In the following example we have found players who like to play next to each other at the same time. We have then applied an association rule analysis to find the players who have a lift effect on the surrounding players (i.e., those players who seem to have a positive influence on the number and nature of surrounding players).
The software AR Miner8 was used to find interesting rules with minimum support of 5 percent and minimum confidence of 10 percent and the results are shown in Table 1. Column A is the antecedent (or influencing play hour) and column C is the consequent or influenced play hour. A sample of these rules are shown below. One observation here is that players provide a lift effect on surrounding players within time bands; broadly speaking, afternoon players influence afternoon players and evening players influence evening players but there are no players who influence both.9
Social Networking’s Influence
With the almost staggering and world-wide adoption of social networking communication, it is critical that we find ways of plugging our companies into this stream of communication.

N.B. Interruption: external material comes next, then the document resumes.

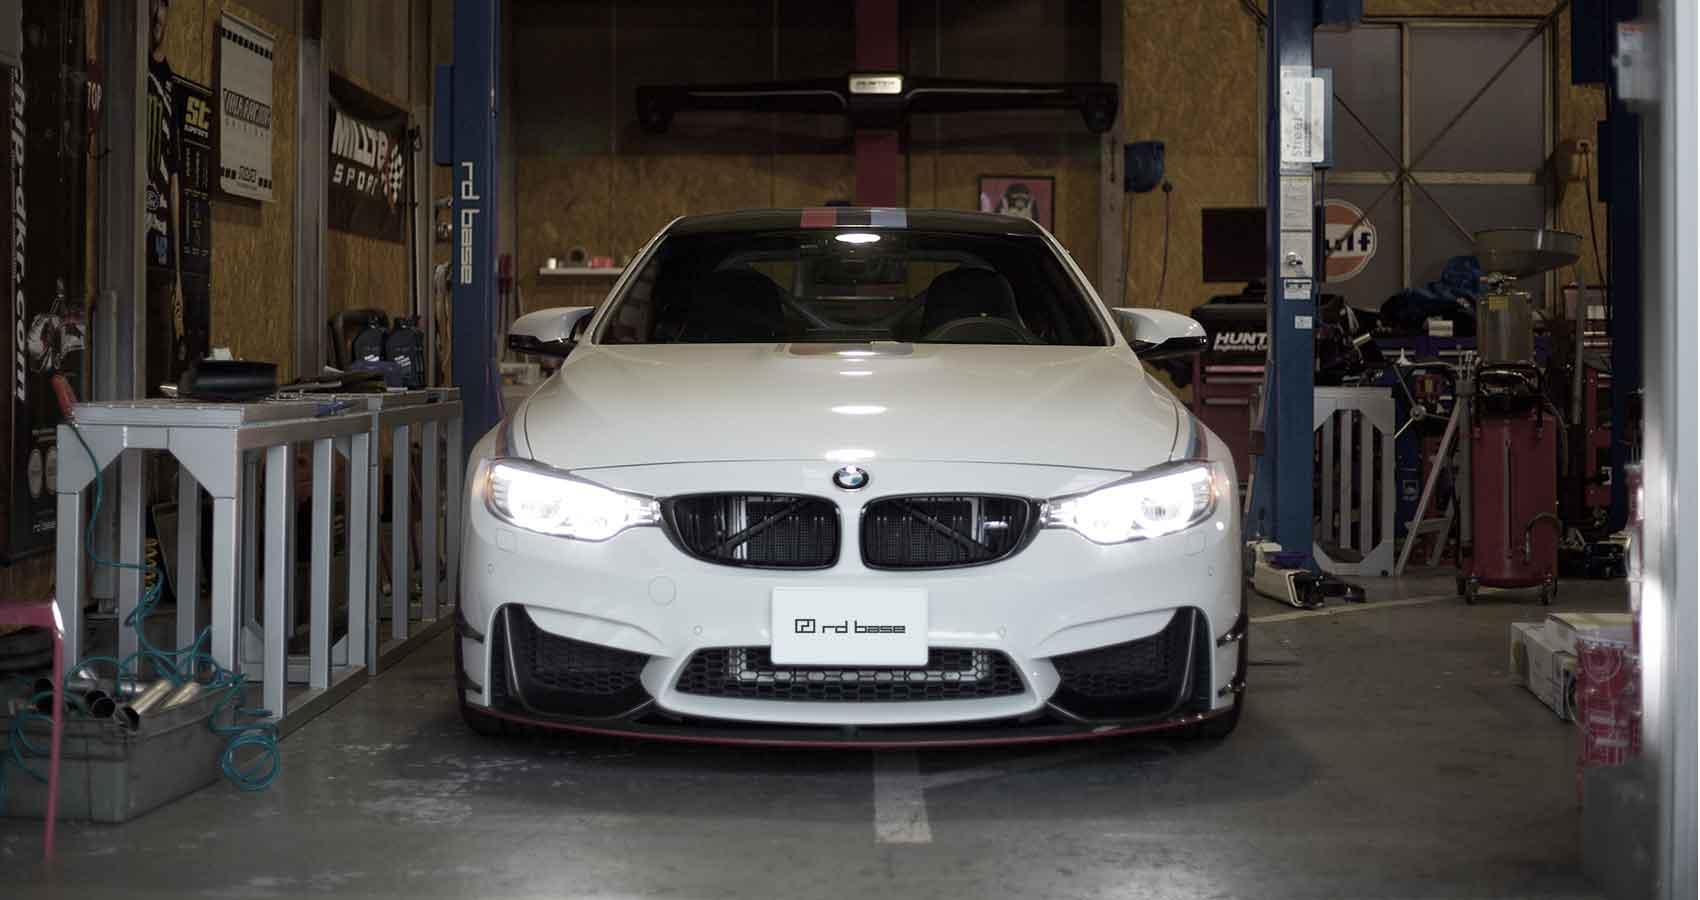 BMWのことならrdbaseまで

Many companies are already being advised on how to handle the privacy issues with social networking10, and with the huge uptake in use, there is little doubt that social networking departments will become a critical component of how we manage the relationships with our customers going forward. To analyze the effectiveness of this new tool, a whole new range of analytical techniques will be brought in to play.
Communication with groups of customers can be measured by the number of people covered within one or two degrees of separation. Commonly, within social networking we look at how many immediate people are in our network and then how many are within one or two degrees of separation. Diagram 3 illustrates how almost anybody is connected within six degrees of separation.11
Social networking events can spread like wildfire—a bad customer experience broadcasted on Facebook can bring hundreds of people into the discussion, and Twitter messages can be retweeted immediately to spread information and influence in a viral manner. To counter this communication, a response will need to be rapid and will possibly escalate almost exponentially in order to handle the flurry of communication.

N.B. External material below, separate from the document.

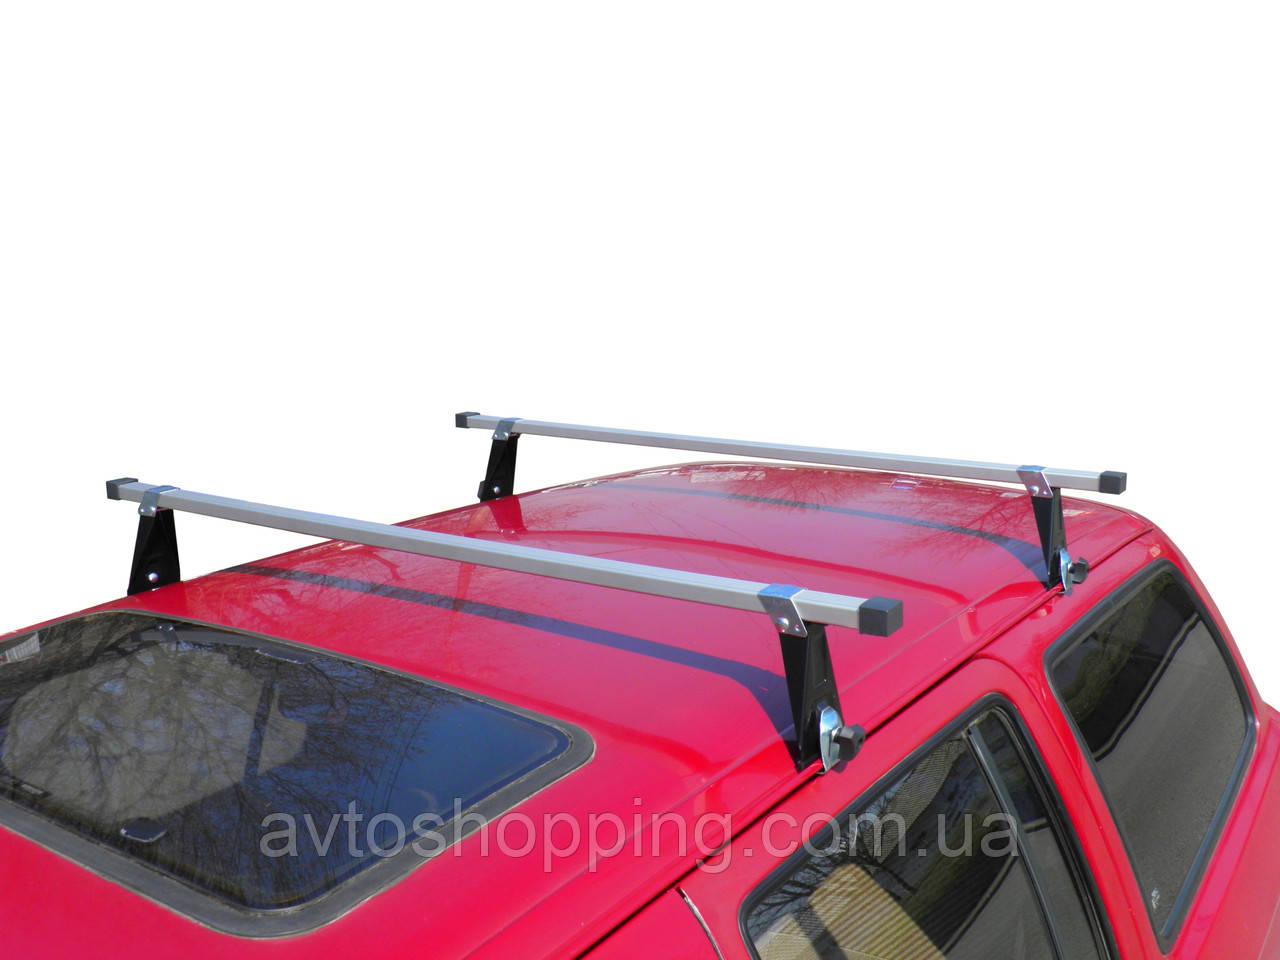 Багажник на крышу UNI ЛЮКС, для автомобилей с водостоком ВАЗ, Таврия, Кадет

Given this huge river of social information flowing around our businesses, it is virtually impossible for humans to read and interpret the information flows. Enter mood measurements. These tools attempt to find the mood of communication. For example, if a significant positive social communication follows a new property opening it can be empirically measured.

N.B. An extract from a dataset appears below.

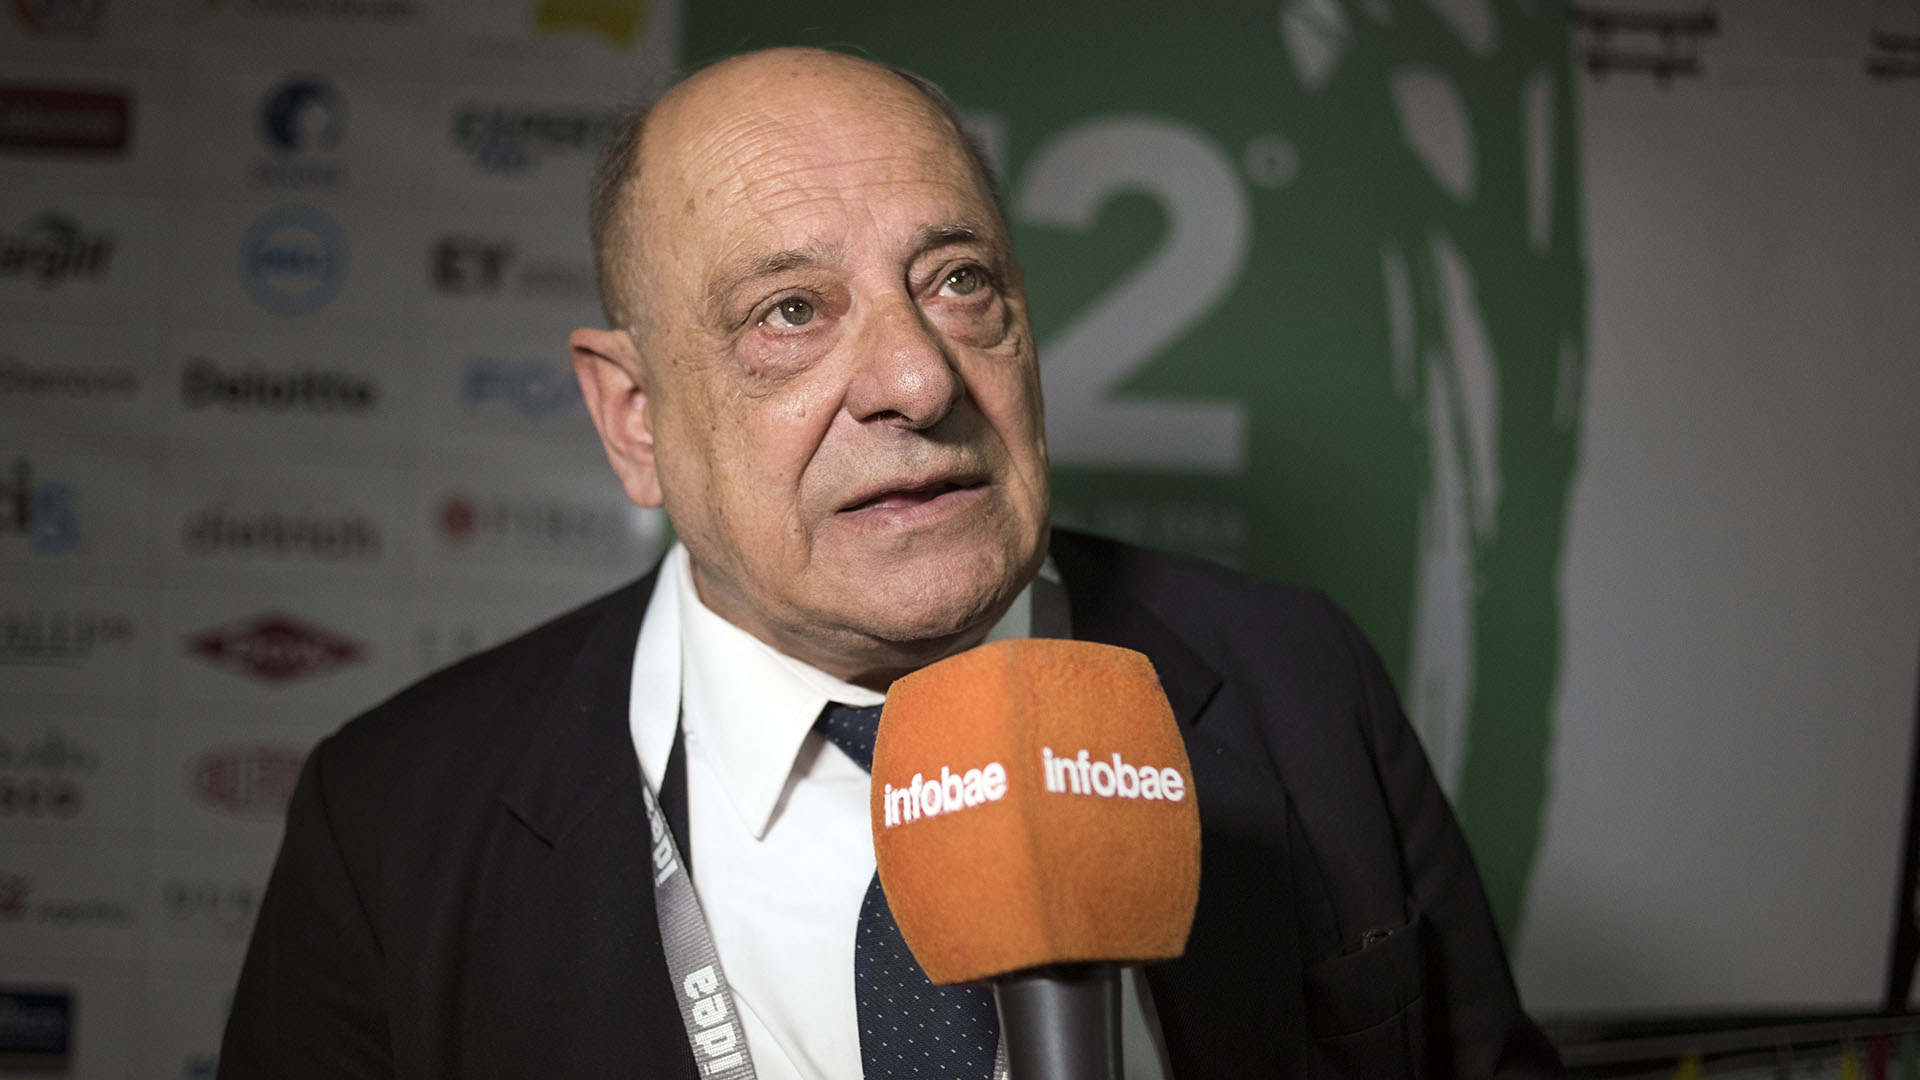 El intendente marplatense Carlos Fernando Arroyo

Conclusion on Social Networking
Social networking creates an exciting new dynamic within the gaming floor. Your customers are now sharing information and experiences. Traditional A/B measurements, while still a powerful tool, are likely to be replaced with clustering techniques where we first establish groups of influence within our customer base.
The effects of this new technology are nearly impossible to predict, yet they are measureable. These measurements give us a chance to adapt the way we interact with our customers and become part of the social networking phenomena. The alternative is to close your eyes to these rapidly growing influences and hope that you make the right choices.
9 In future articles we plan to delve much deeper on how to apply the social networking association rules modeling on the gaming floor.
10 www.computerworld.com/s/article/9076678/ Planning_a_company_social_network_Don_t_forget_privacy_issues
11 The theory was first proposed in 1929 by the Hungarian writer Frigyes Karinthy in a short story titled “Chains.”